WORKING DATA: Begin

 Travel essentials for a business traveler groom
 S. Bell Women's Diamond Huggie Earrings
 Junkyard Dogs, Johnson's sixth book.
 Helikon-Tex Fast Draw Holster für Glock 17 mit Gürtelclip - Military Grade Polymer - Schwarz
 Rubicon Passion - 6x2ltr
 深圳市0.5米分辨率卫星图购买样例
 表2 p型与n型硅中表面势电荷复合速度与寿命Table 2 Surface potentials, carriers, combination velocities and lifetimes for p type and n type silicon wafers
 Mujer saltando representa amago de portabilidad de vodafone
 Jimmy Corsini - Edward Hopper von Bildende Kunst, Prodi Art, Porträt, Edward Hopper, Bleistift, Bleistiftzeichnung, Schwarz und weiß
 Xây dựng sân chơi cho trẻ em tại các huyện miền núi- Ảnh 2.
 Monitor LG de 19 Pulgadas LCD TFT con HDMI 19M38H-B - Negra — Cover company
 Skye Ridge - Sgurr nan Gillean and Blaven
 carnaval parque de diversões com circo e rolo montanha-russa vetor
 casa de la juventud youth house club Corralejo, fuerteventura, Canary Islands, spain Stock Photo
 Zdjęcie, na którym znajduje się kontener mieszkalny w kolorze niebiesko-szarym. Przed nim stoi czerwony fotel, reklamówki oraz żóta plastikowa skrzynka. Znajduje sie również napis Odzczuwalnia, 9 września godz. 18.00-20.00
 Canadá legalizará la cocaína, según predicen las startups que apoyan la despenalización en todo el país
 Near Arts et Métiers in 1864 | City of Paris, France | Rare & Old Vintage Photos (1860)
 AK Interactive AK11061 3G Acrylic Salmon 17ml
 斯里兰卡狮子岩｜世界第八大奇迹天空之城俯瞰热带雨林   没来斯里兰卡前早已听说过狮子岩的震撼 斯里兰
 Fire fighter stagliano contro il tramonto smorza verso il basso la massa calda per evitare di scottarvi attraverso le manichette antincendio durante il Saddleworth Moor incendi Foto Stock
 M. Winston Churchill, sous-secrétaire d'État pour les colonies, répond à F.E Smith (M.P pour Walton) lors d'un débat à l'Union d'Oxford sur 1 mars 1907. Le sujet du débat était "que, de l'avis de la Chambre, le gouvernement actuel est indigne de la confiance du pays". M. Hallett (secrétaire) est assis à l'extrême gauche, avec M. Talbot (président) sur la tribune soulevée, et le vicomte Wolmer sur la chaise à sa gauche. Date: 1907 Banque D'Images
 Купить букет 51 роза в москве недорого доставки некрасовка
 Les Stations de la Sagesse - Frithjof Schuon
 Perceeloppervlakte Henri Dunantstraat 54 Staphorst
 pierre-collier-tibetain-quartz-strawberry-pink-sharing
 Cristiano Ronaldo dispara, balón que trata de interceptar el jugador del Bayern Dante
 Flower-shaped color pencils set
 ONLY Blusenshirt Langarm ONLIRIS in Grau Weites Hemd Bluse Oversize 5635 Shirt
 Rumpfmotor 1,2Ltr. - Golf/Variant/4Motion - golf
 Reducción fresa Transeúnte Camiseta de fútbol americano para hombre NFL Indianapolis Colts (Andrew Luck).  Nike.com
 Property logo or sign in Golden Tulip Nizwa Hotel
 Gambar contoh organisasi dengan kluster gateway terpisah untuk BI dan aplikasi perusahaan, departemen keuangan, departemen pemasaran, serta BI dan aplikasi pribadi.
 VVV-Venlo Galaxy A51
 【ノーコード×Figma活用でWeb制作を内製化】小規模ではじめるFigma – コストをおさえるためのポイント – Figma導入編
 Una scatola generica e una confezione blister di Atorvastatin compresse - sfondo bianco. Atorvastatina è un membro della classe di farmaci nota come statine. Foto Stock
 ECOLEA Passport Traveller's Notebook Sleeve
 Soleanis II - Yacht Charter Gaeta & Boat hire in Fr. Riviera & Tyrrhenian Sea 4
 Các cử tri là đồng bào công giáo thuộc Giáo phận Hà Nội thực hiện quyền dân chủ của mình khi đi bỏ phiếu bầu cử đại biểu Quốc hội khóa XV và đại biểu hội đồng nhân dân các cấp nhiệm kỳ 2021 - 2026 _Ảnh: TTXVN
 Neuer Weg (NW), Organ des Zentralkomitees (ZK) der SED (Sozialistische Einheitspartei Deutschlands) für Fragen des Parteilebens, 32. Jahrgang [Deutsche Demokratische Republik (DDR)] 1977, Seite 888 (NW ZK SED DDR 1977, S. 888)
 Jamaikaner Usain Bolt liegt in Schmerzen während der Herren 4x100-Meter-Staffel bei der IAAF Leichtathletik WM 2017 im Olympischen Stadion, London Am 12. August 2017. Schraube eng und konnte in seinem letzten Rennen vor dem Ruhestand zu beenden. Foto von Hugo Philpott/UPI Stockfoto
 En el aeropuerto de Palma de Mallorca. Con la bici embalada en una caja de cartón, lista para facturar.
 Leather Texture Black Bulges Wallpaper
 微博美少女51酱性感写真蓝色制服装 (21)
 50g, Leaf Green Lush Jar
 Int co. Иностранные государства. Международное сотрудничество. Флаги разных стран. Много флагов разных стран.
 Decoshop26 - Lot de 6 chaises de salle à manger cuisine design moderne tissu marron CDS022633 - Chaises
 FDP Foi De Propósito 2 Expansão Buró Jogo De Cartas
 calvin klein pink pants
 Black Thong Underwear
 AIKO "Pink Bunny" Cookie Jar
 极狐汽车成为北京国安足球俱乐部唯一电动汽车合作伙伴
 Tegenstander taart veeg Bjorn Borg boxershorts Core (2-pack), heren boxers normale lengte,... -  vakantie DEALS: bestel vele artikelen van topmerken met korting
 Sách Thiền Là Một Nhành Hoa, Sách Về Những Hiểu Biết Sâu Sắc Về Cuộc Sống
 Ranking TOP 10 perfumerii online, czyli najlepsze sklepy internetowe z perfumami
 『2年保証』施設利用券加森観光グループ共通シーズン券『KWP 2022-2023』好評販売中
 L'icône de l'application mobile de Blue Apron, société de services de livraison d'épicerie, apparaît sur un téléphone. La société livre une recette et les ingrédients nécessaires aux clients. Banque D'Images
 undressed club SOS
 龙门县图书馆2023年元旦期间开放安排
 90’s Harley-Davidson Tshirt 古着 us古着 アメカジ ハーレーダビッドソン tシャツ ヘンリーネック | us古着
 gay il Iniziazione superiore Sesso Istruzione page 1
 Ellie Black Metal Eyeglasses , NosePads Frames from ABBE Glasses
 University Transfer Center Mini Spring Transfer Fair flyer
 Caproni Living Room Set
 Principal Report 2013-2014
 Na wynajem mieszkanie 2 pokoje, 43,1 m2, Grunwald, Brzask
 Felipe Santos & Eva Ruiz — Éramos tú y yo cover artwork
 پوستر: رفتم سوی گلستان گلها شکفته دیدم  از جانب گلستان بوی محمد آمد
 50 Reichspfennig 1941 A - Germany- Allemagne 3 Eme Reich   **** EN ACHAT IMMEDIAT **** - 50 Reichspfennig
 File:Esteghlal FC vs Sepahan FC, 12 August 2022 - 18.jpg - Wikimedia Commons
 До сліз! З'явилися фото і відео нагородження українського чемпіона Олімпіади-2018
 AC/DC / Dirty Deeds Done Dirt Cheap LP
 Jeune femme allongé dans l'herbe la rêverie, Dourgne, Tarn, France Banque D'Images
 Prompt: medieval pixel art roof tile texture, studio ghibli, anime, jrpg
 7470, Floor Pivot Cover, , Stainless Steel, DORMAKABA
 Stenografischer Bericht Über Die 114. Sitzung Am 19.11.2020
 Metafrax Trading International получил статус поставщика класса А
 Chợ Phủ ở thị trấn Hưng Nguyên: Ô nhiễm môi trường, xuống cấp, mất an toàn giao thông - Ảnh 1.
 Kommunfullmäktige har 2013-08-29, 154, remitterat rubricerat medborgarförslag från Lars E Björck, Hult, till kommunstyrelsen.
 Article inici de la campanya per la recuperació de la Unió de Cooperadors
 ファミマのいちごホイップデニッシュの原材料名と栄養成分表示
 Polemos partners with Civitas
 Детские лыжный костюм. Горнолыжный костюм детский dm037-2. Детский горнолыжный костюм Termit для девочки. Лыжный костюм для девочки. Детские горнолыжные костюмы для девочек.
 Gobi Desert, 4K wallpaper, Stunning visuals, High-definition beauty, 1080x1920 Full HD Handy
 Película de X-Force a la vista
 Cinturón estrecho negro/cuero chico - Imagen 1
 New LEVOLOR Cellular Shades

WORKING DATA: End

Look back at the entries above. Retype the line with "Sách Thiền Là", the line with "University Transfer Center", and all lines in between.

SOLVED PROBLEM:
 Sách Thiền Là Một Nhành Hoa, Sách Về Những Hiểu Biết Sâu Sắc Về Cuộc Sống
 Ranking TOP 10 perfumerii online, czyli najlepsze sklepy internetowe z perfumami
 『2年保証』施設利用券加森観光グループ共通シーズン券『KWP 2022-2023』好評販売中
 L'icône de l'application mobile de Blue Apron, société de services de livraison d'épicerie, apparaît sur un téléphone. La société livre une recette et les ingrédients nécessaires aux clients. Banque D'Images
 undressed club SOS
 龙门县图书馆2023年元旦期间开放安排
 90’s Harley-Davidson Tshirt 古着 us古着 アメカジ ハーレーダビッドソン tシャツ ヘンリーネック | us古着
 gay il Iniziazione superiore Sesso Istruzione page 1
 Ellie Black Metal Eyeglasses , NosePads Frames from ABBE Glasses
 University Transfer Center Mini Spring Transfer Fair flyer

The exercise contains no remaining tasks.